Unit 4 - Notes

INT234 7 min read

Unit 4: UNSUPERVISED LEARNING: CLUSTERING AND PATTERN DETECTION

1. Introduction to Unsupervised Learning

Unsupervised learning involves training machine learning models using datasets that are neither classified nor labeled. The algorithm acts on the information without guidance, aiming to discover hidden structures, patterns, or groupings within the data.

Key Characteristics:

Input: Raw data without target variables (no "Y" variable).
Goal: To model the underlying structure or distribution in the data.
Primary Applications: Clustering (grouping), dimensionality reduction, and association rule learning.

2. K-Means Clustering

K-Means is a centroid-based, iterative algorithm that partitions a dataset into $K$ distinct, non-overlapping subgroups (clusters). Every data point belongs to only one group.

K-Means Clustering Intuition

The fundamental intuition behind K-Means is to minimize the variance within each cluster (intra-cluster variance) while maximizing the distinction between clusters. It assigns data points to the nearest cluster center (centroid).

The Objective Function:
The algorithm aims to minimize the Within-Cluster Sum of Squares (WCSS), also known as inertia.

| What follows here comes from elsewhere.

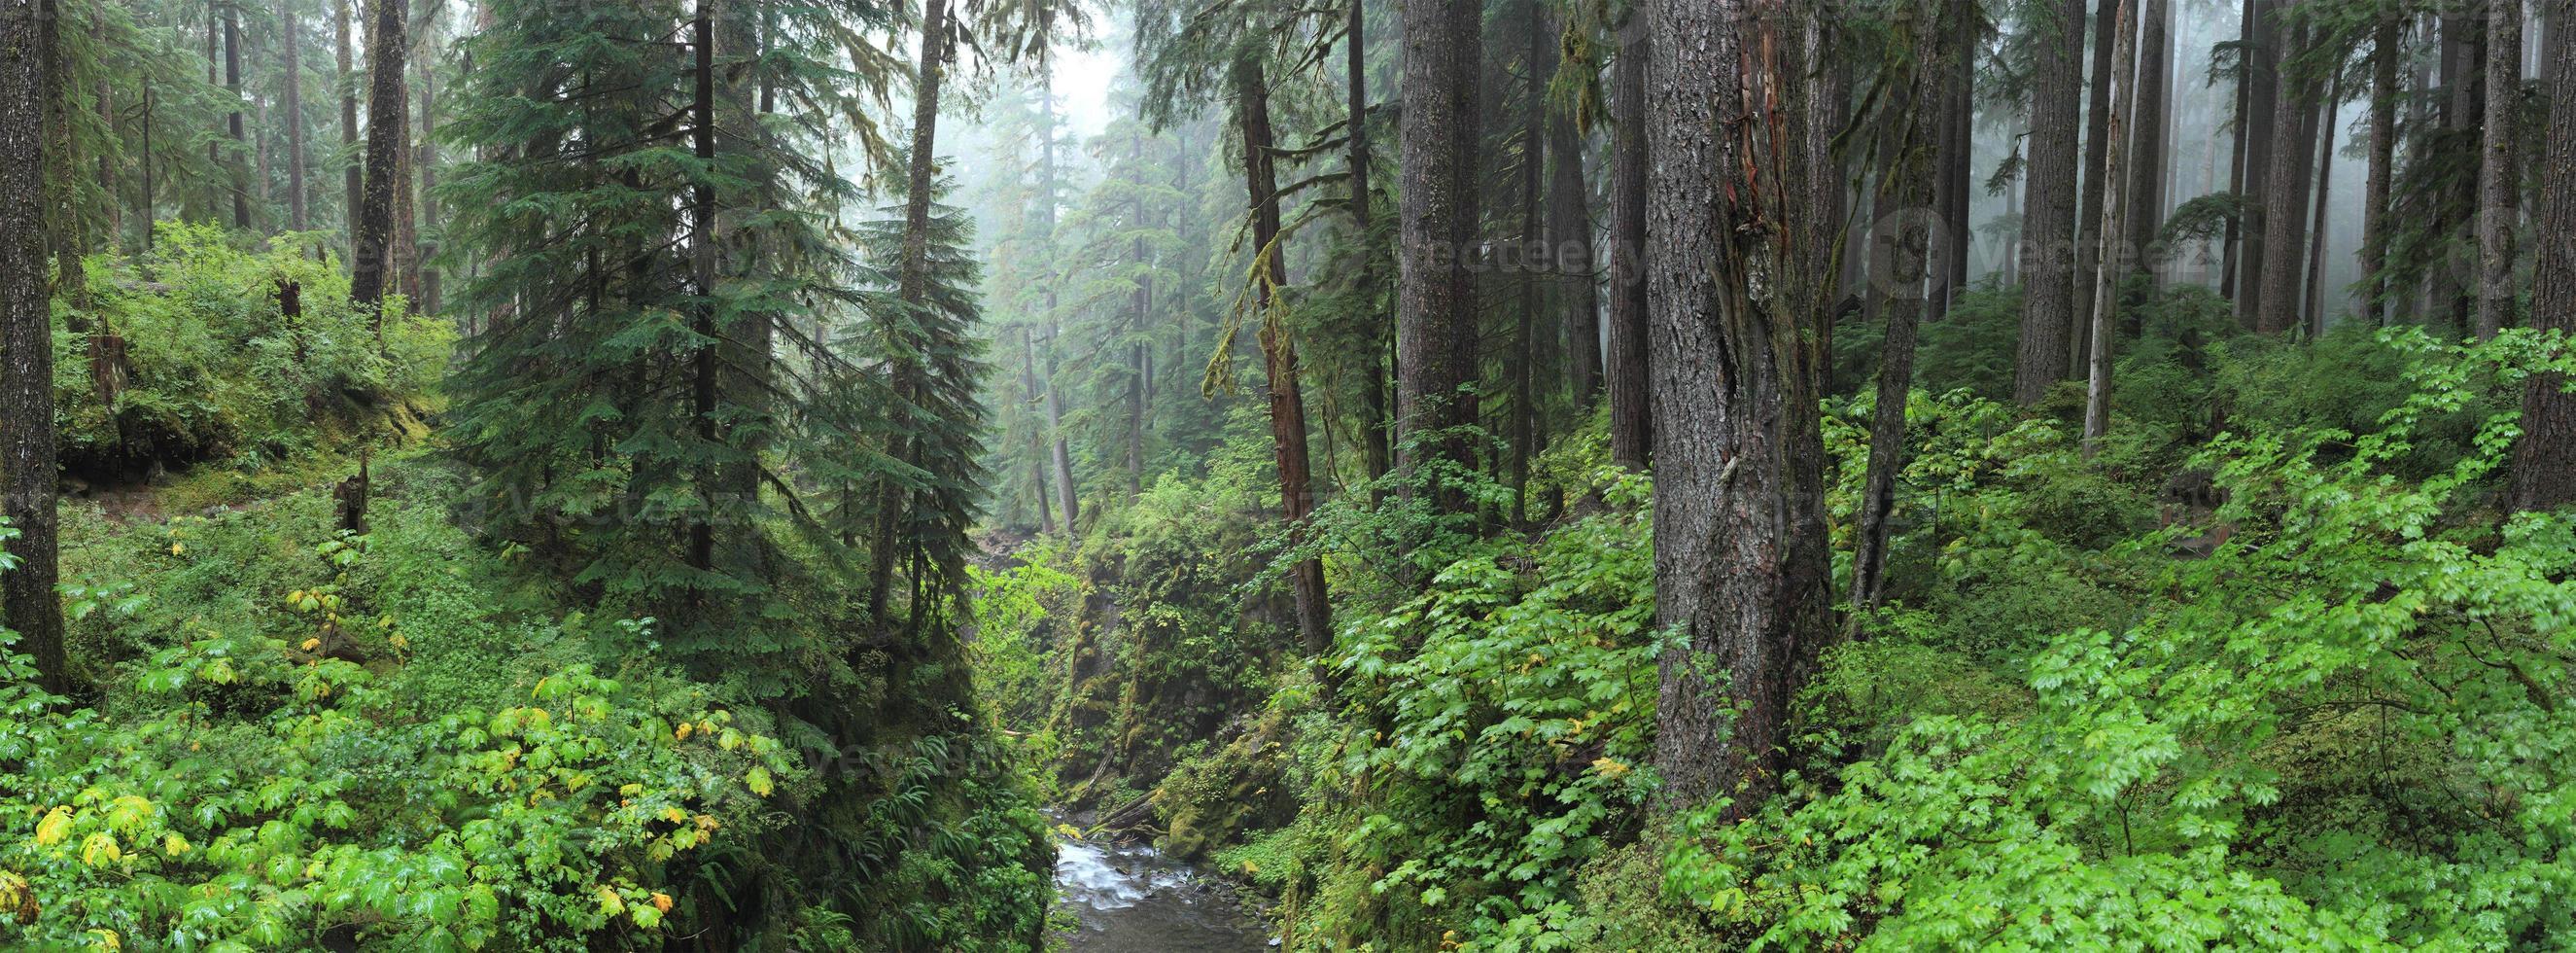 hoh foresta pluviale foto

WCSS = \sum_{i=1}^{K} \sum_{x \in C_i} distance(x, \mu_i)^2

$K$ : Number of clusters.
$x$ : A data point in cluster $C_i$ .
$\mu_i$ : The centroid of cluster $C_i$ .

The Algorithm Steps:

Specify $K$ : Choose the number of clusters.
Initialization: Randomly select $K$ data points as the initial centroids.
Assignment: Assign each data point to the closest centroid (usually using Euclidean distance).
Update: Calculate the new mean (centroid) of the points assigned to each cluster.
Iterate: Repeat steps 3 and 4 until the centroids stop changing position (convergence) or a maximum number of iterations is reached.

K-Means Random Initialization Trap

A major limitation of standard K-Means is its sensitivity to the initial placement of centroids.

The Problem: If the initial centroids are placed poorly (e.g., two centroids within the same actual cluster), the algorithm may converge to a local minimum rather than the global minimum. This results in suboptimal clustering.
The Solution (K-Means++): This is an initialization algorithm used to select the starting centroids.
1. Choose the first centroid at random from the data points.
2. Compute the distance of all points to the nearest existing centroid.
3. Choose the next centroid from the remaining points such that the probability of choosing a point is proportional to the square of its distance to the nearest existing centroid (favoring points far away).
4. Repeat until centroids are chosen.
  - Result: This ensures centroids are spread out initially, leading to faster convergence and better results.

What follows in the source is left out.